*** Block opens ***

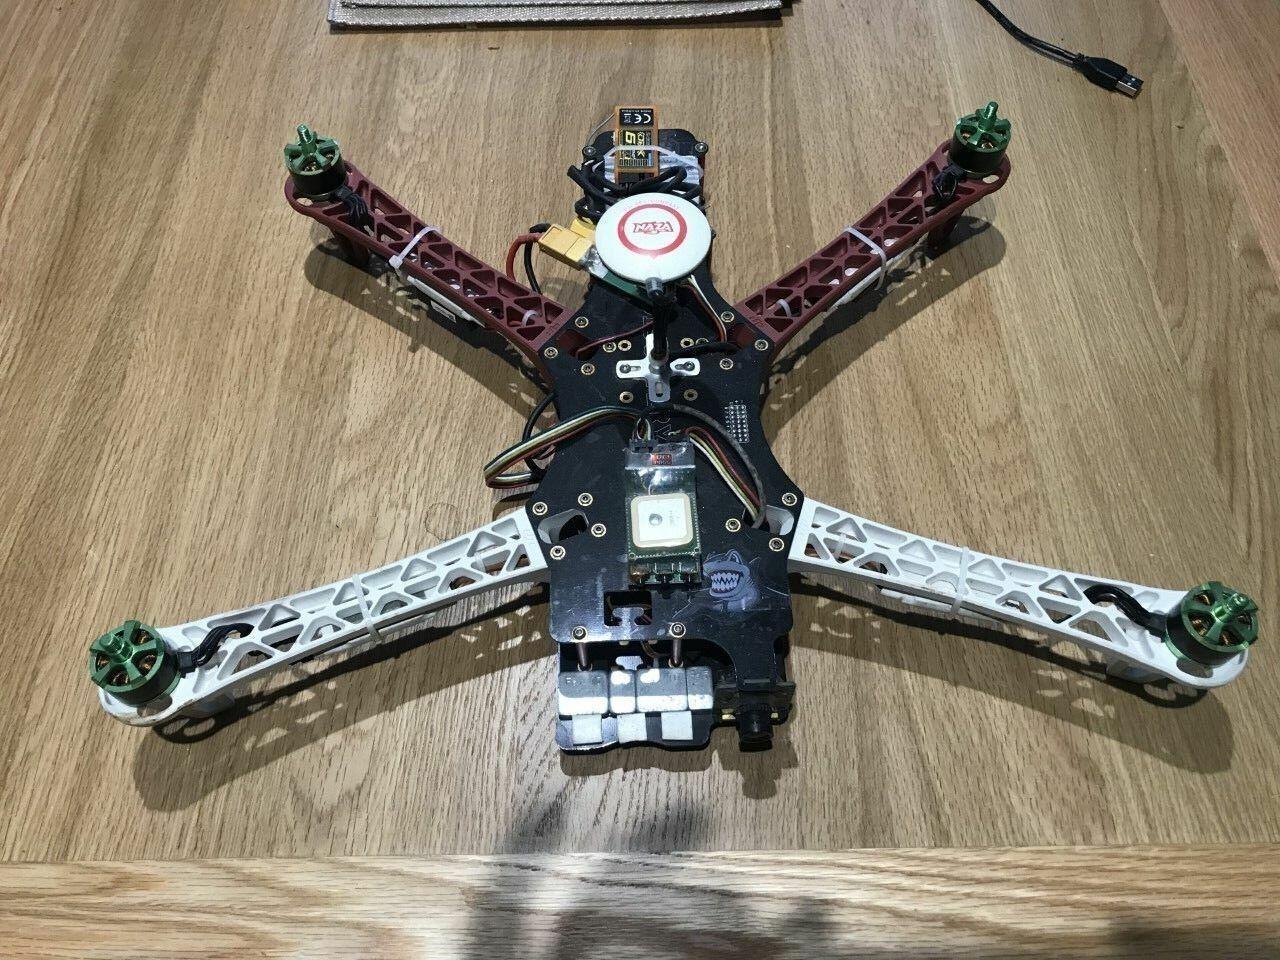 TBS Discovery RC Quadcopter DJI Naza GPS 30A ESC 920KV Motors ImmersionRC EzOSD
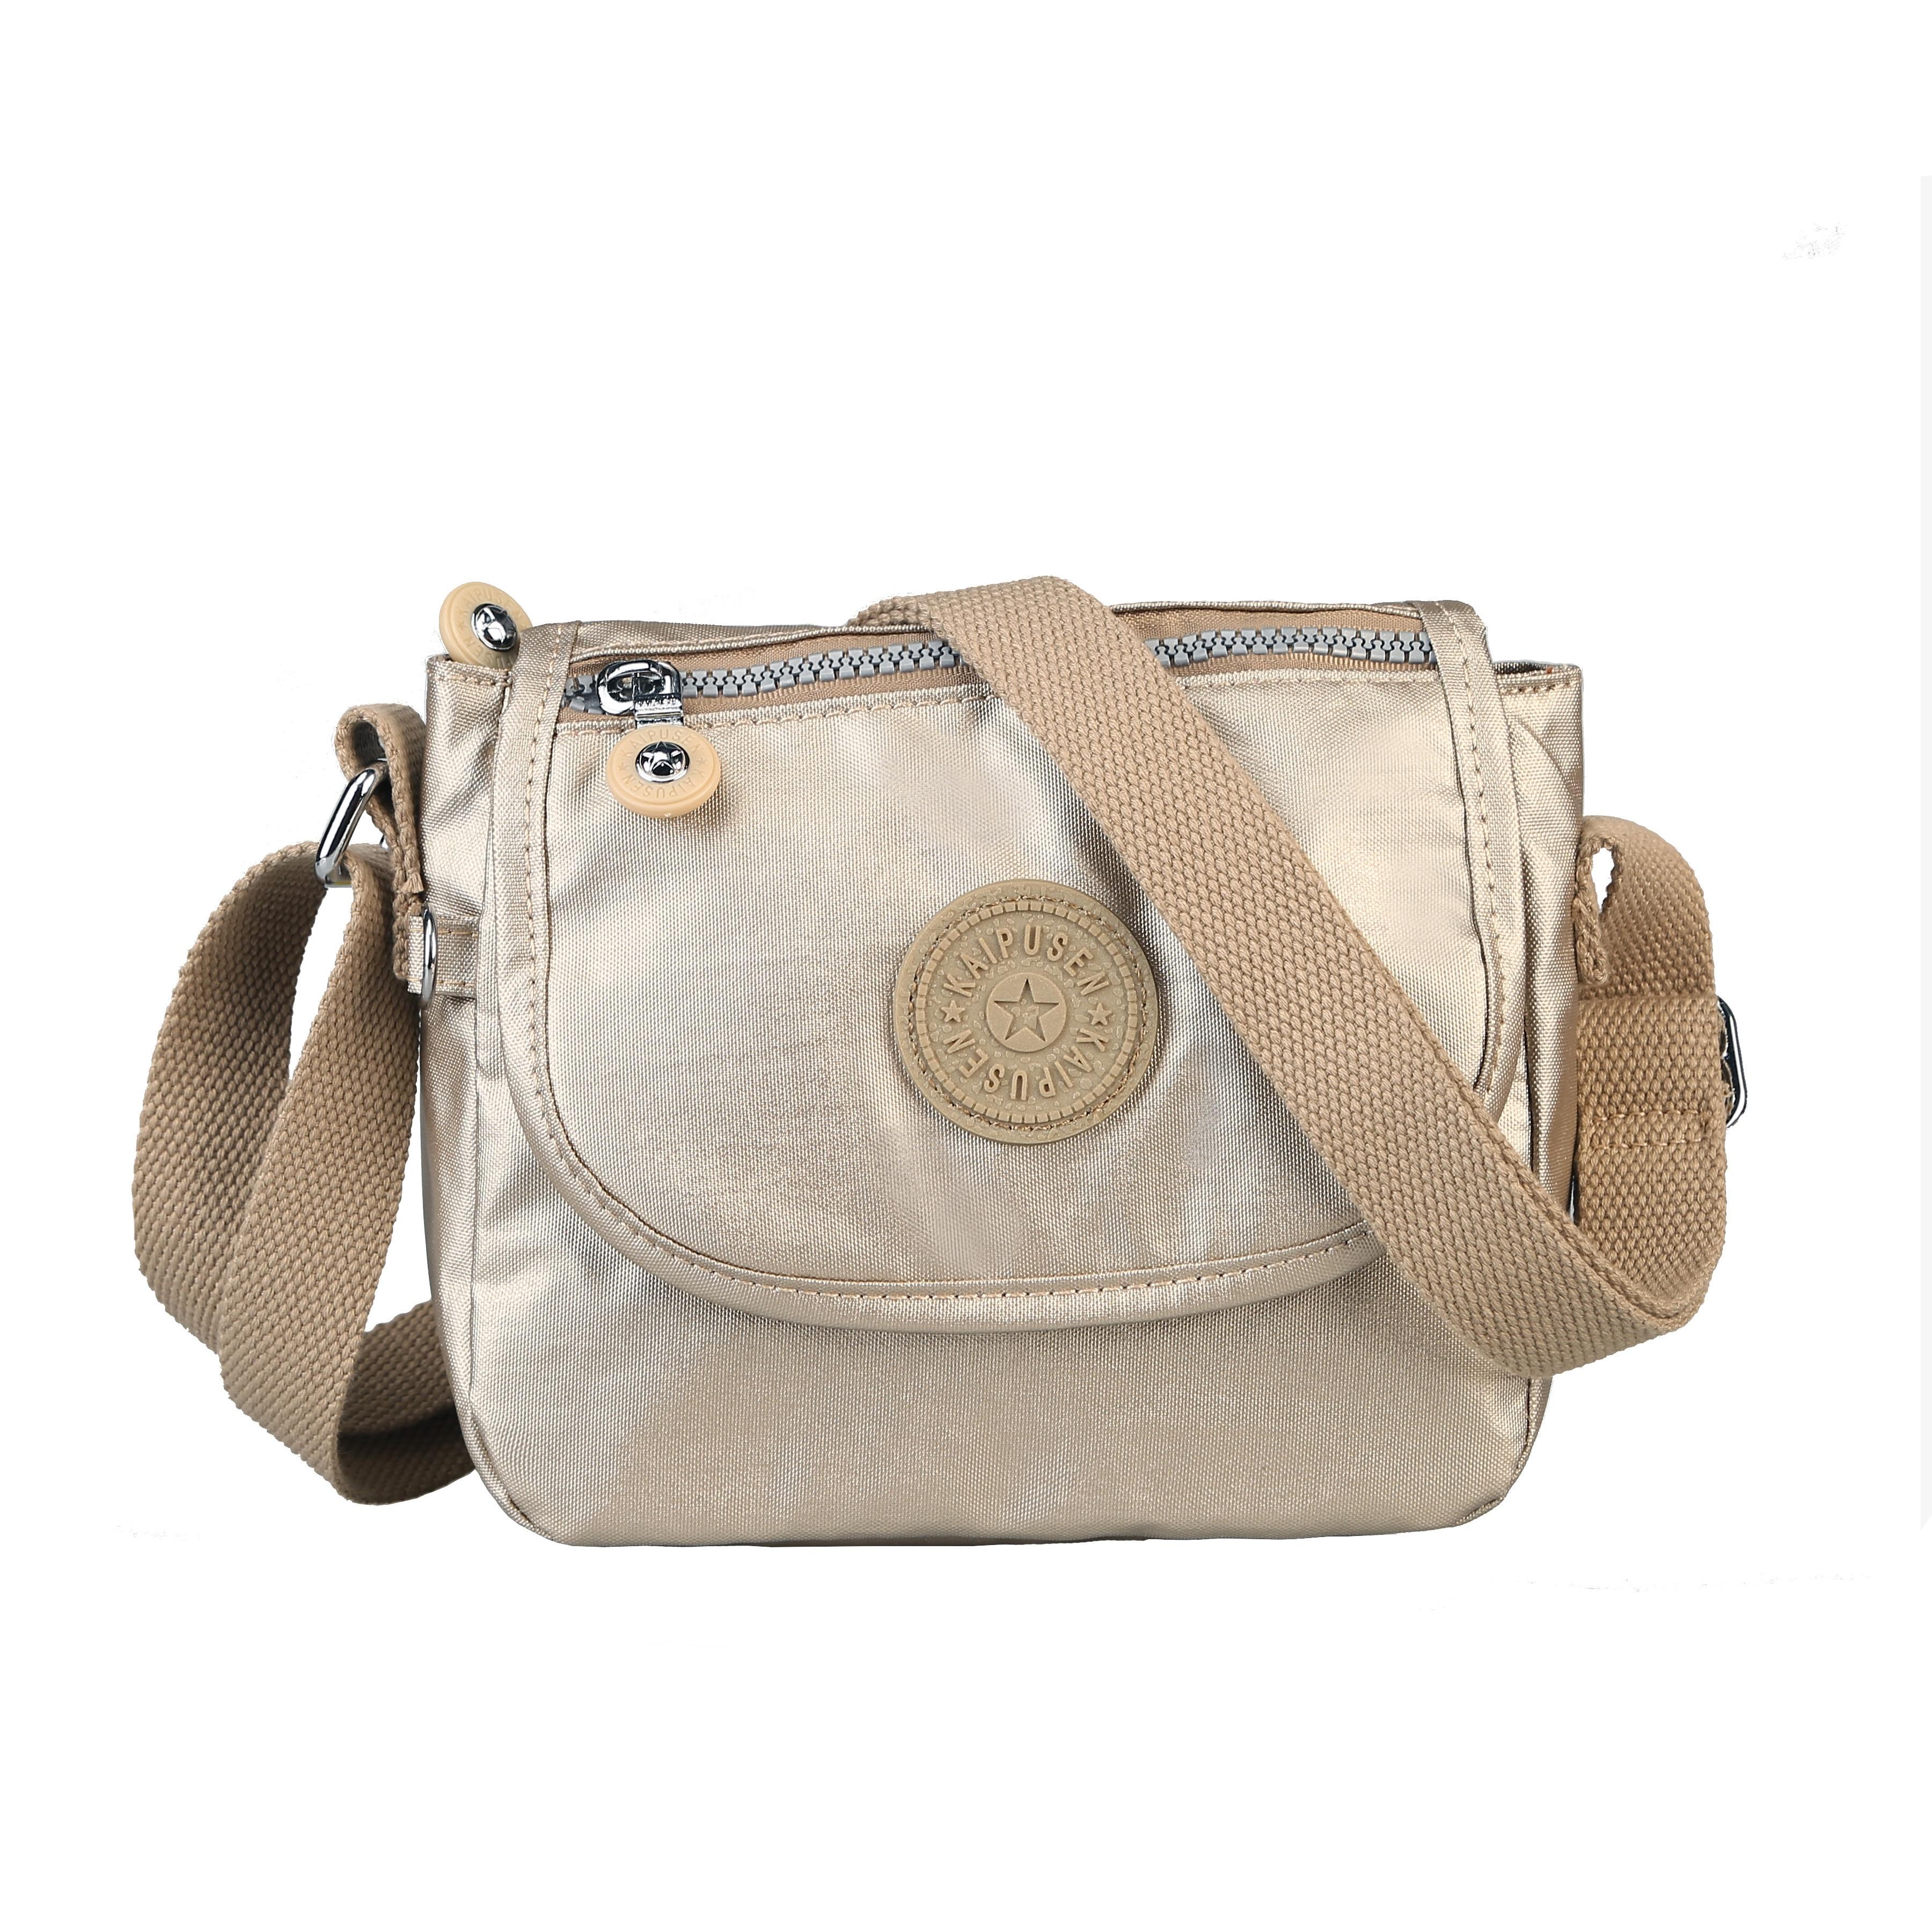 KEDANISON Fashion Waterproof Woman Messenger Bag
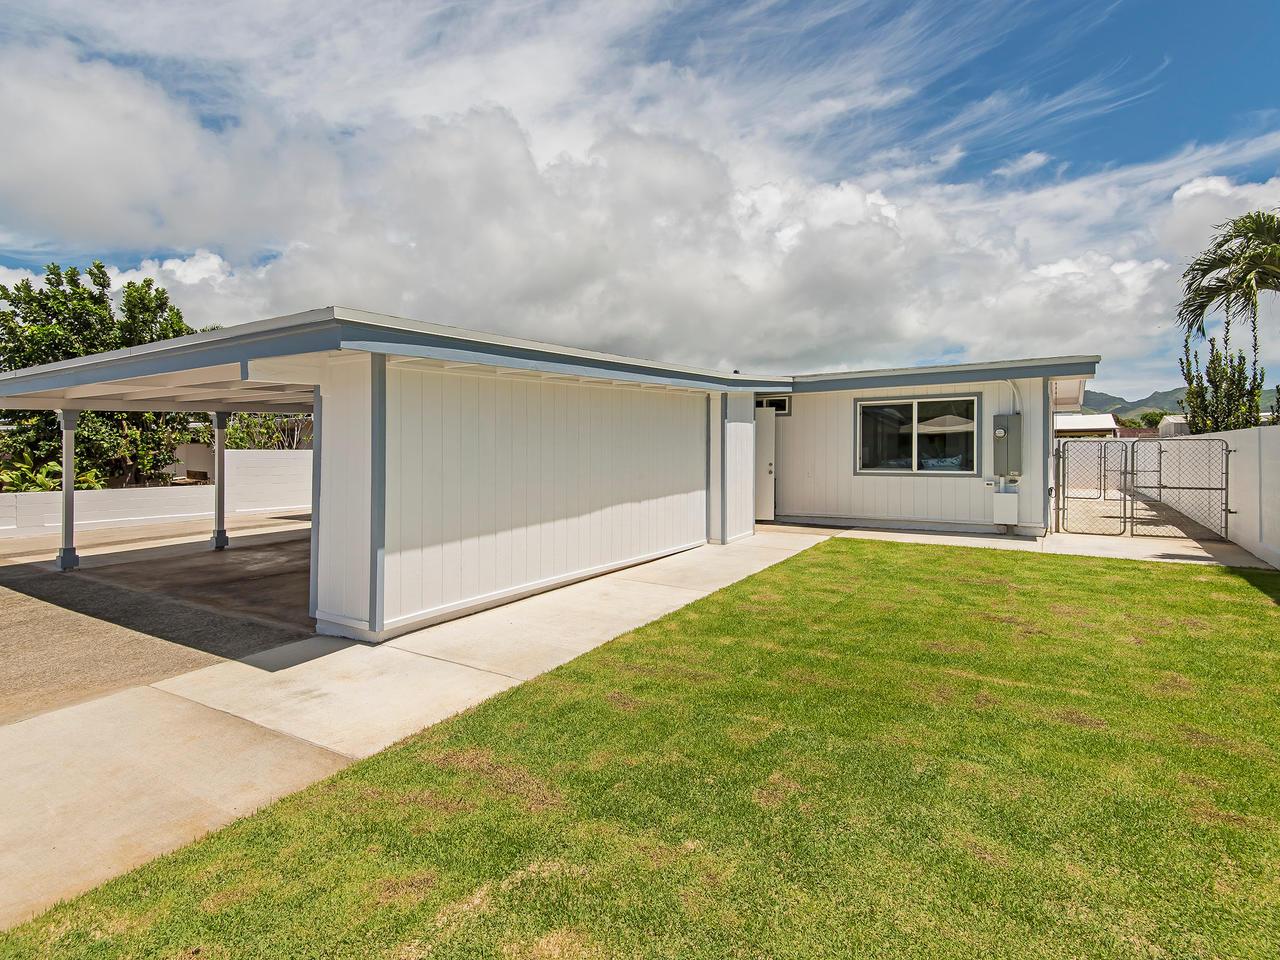 Oahu Real Estate News
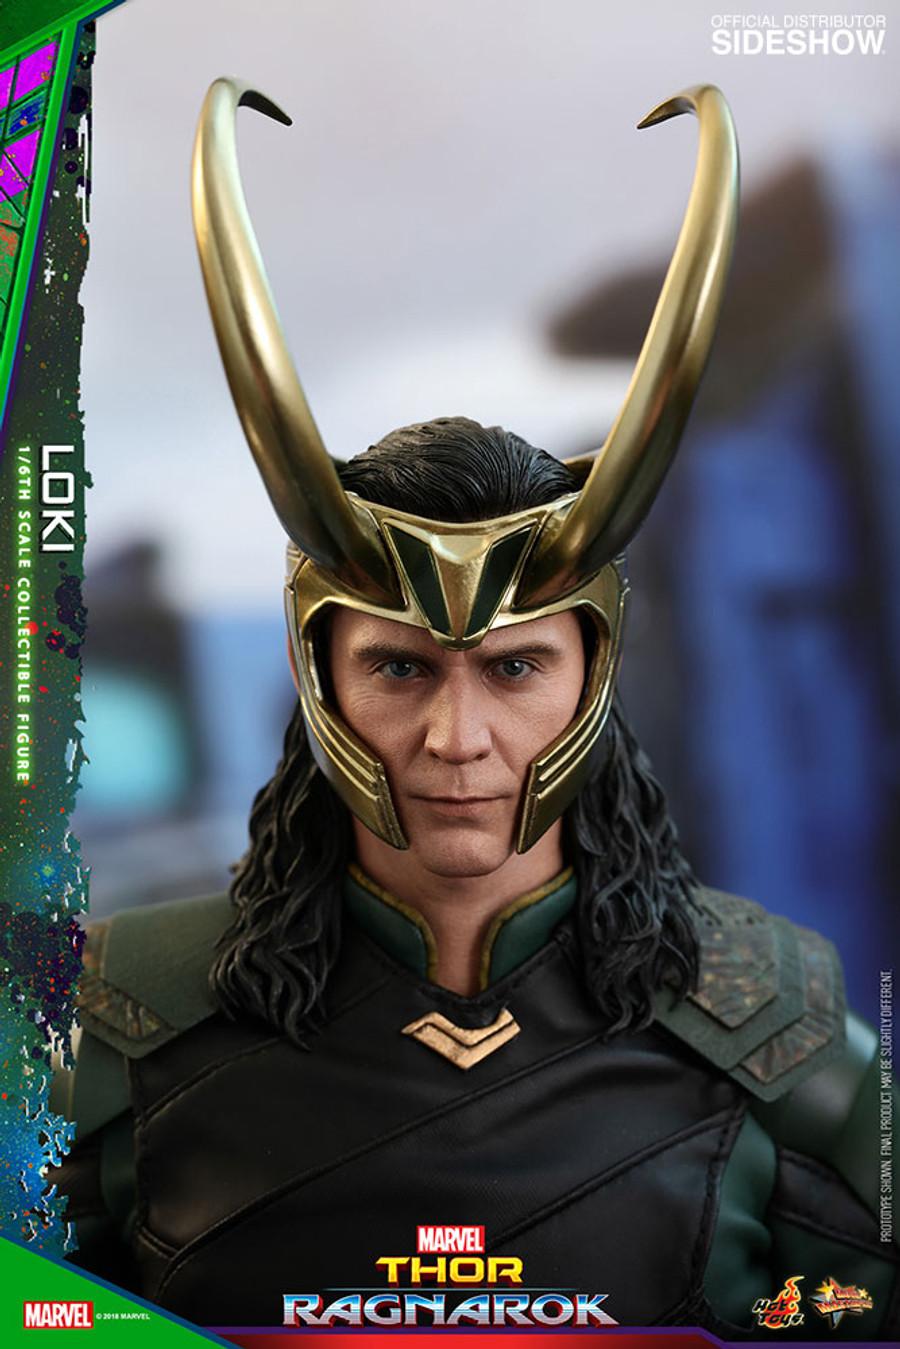 Hot Toys - Thor: Ragnarok - Loki

*** Block closes ***

Please write out all of the data verbatim, with no pictures in the copy.

[TASK ANSWER]
 TBS Discovery RC Quadcopter DJI Naza GPS 30A ESC 920KV Motors ImmersionRC EzOSD
 KEDANISON Fashion Waterproof Woman Messenger Bag
 Oahu Real Estate News
 Hot Toys - Thor: Ragnarok - Loki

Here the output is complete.